ABOUT THIS TASK:
Please reproduce the listing word for word. Pictures stay out.

RECORDED INFORMATION:
----
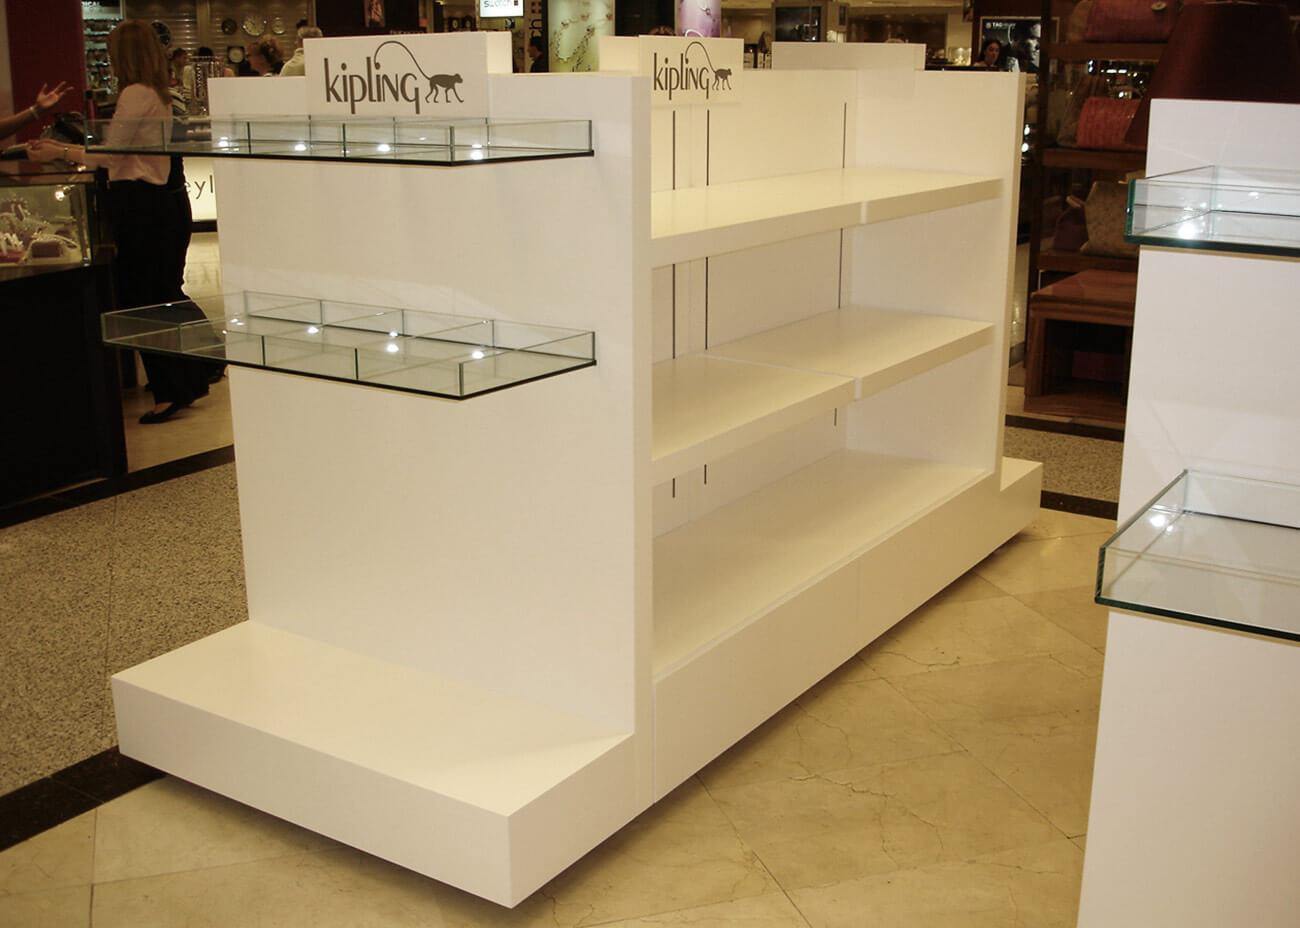 kipling-img08-caad-retail-design-barcelona-Recuperado
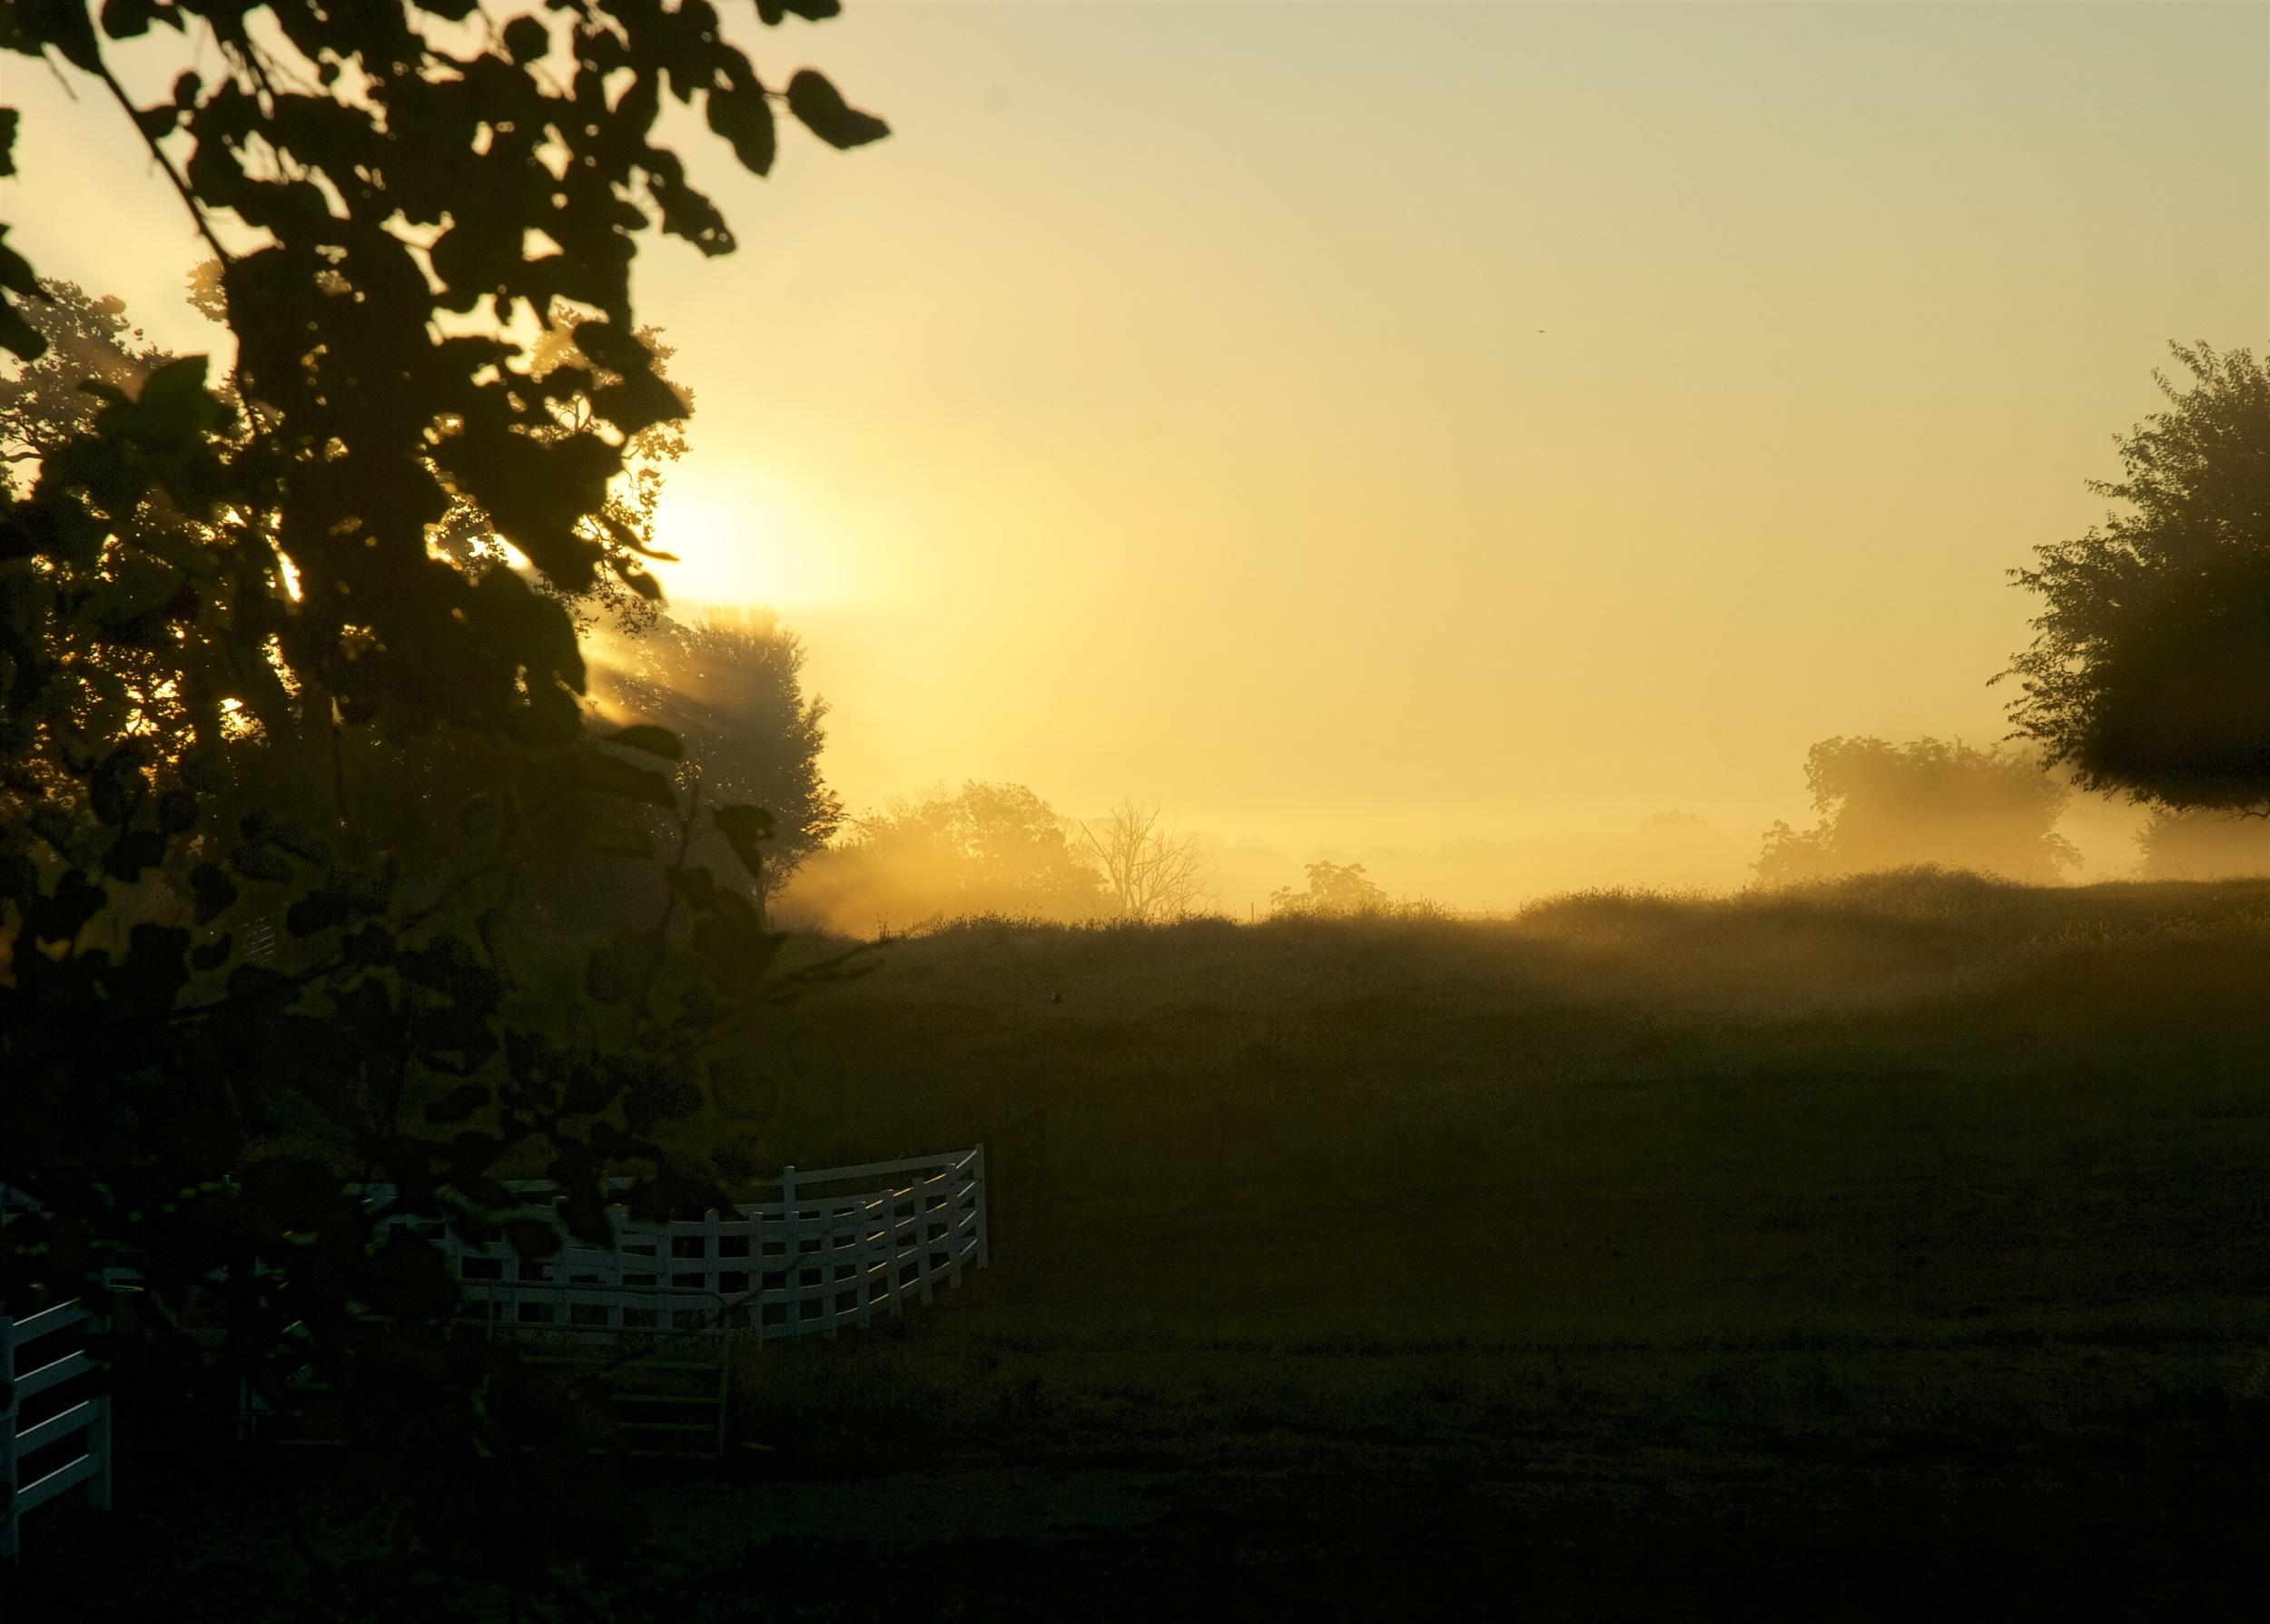 Field Fog, August 2011
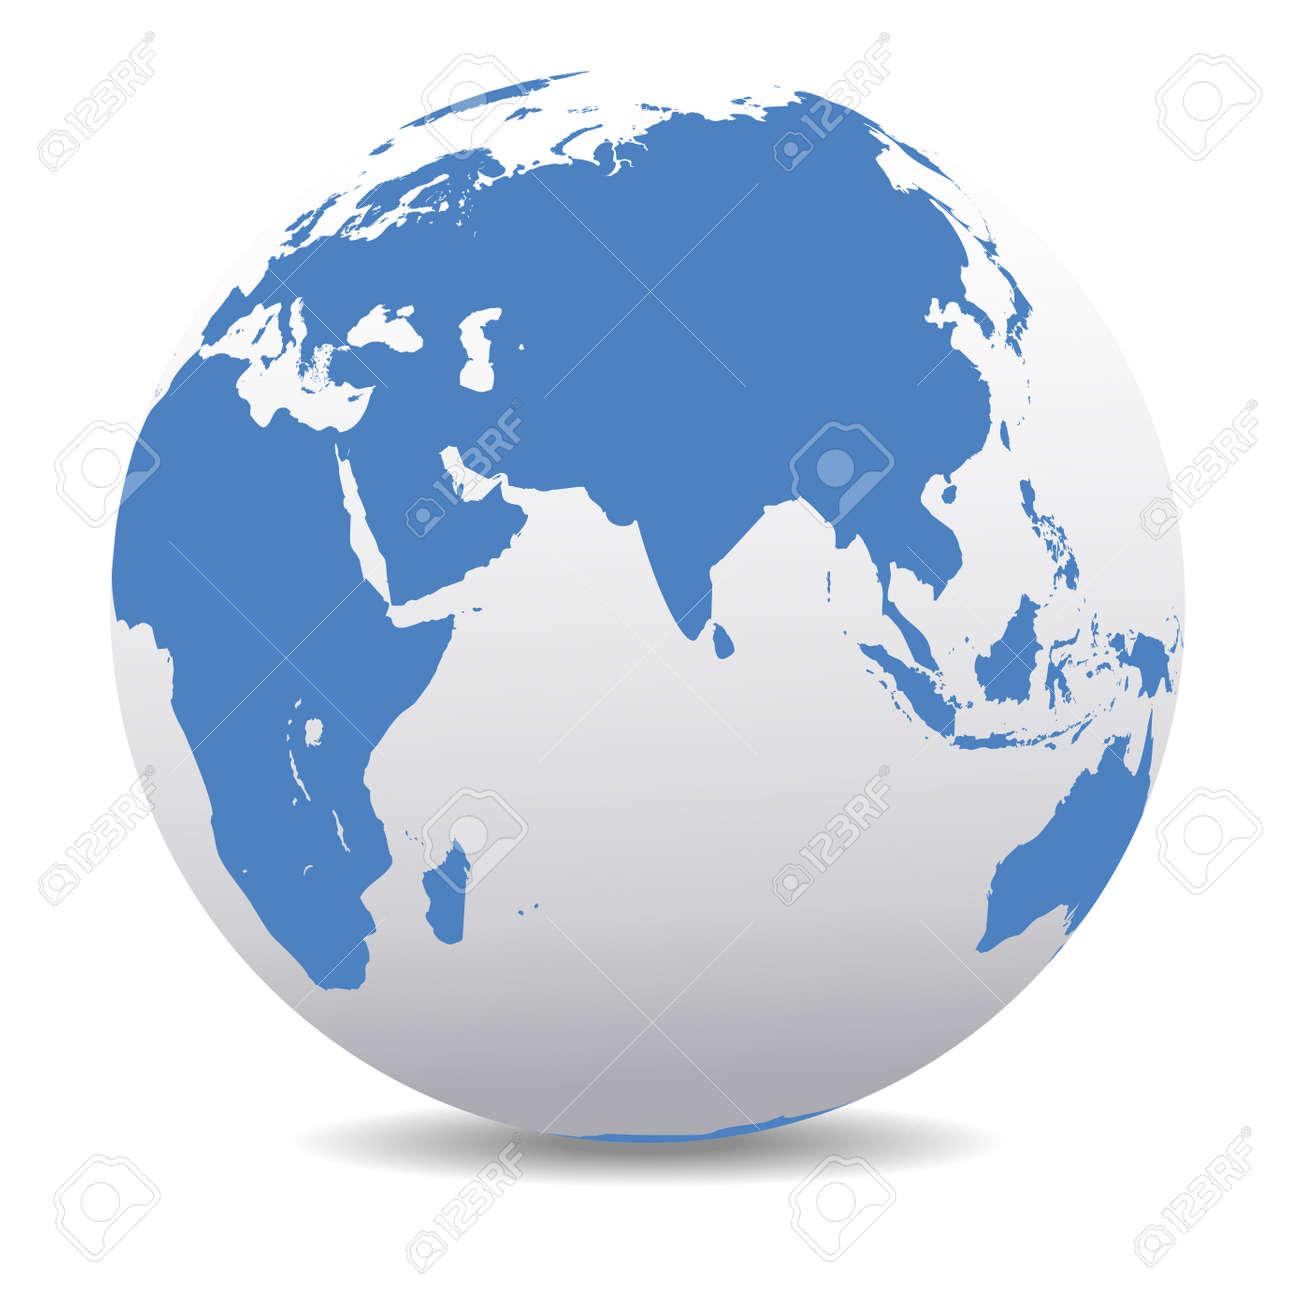 India, Africa, China, Indian Ocean, Global World - 35857208
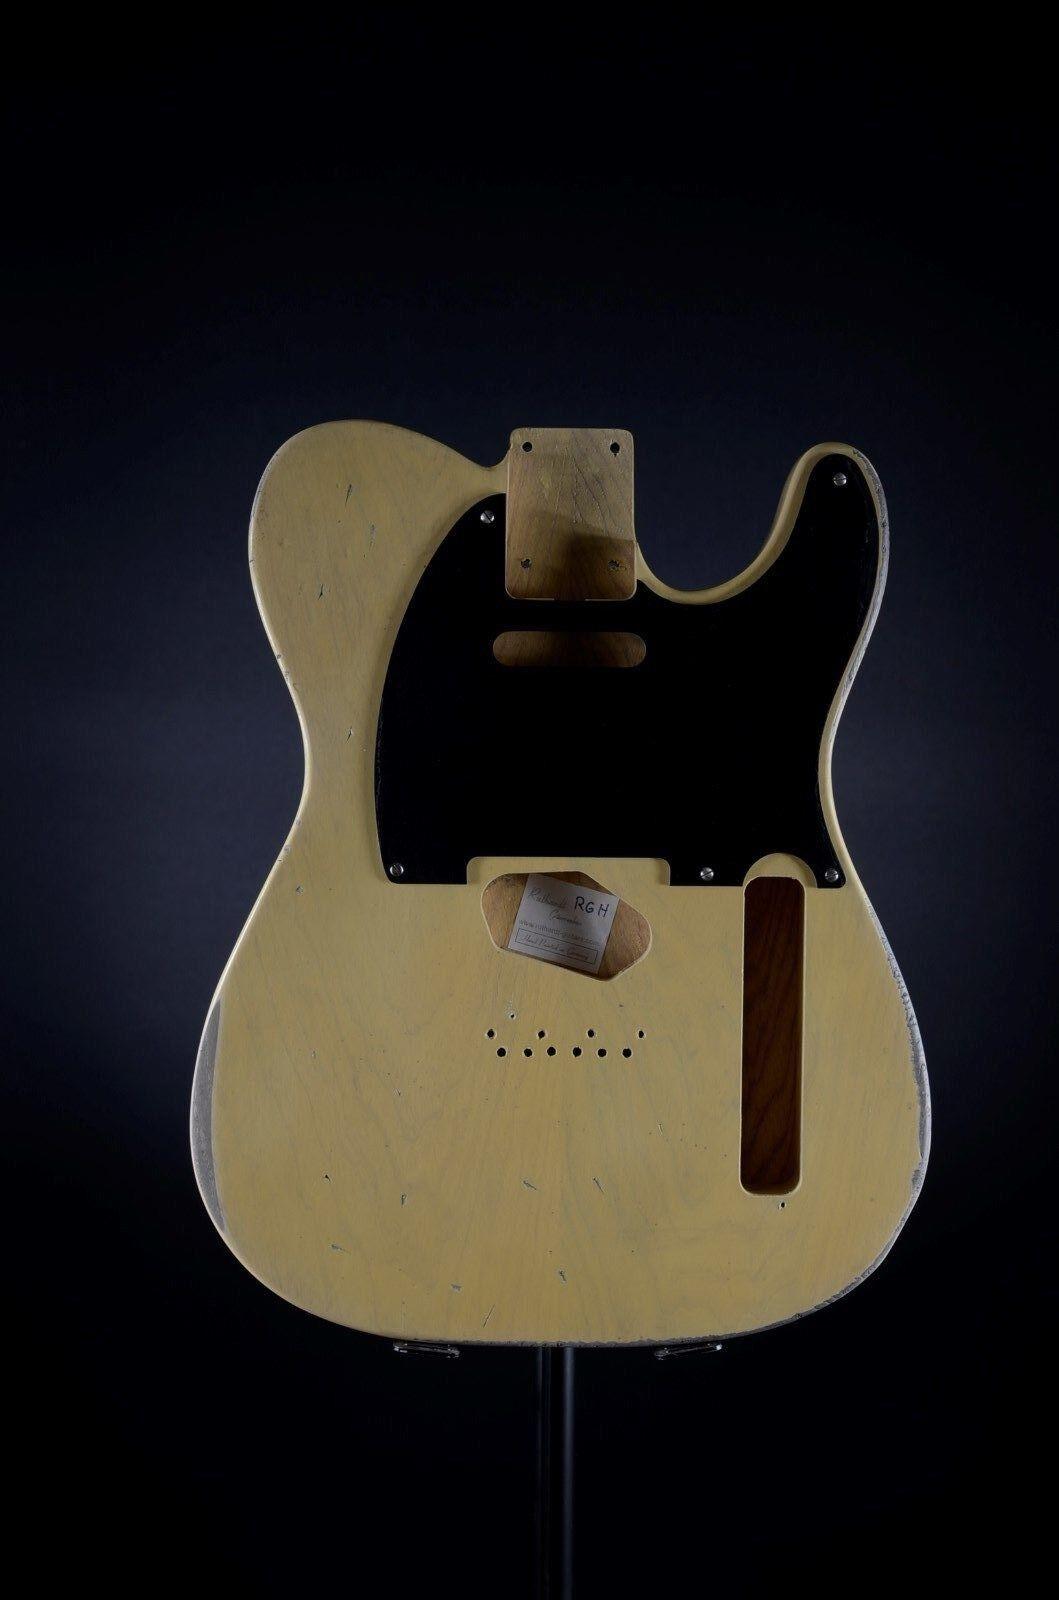 RGH   Tele Style Body Butterscotch  Swampash aged   relic  Nitro  + Bak. Pickg.
----
RESPONSE:
 kipling-img08-caad-retail-design-barcelona-Recuperado
 Field Fog, August 2011
 India, Africa, China, Indian Ocean, Global World - 35857208
 RGH   Tele Style Body Butterscotch  Swampash aged   relic  Nitro  + Bak. Pickg.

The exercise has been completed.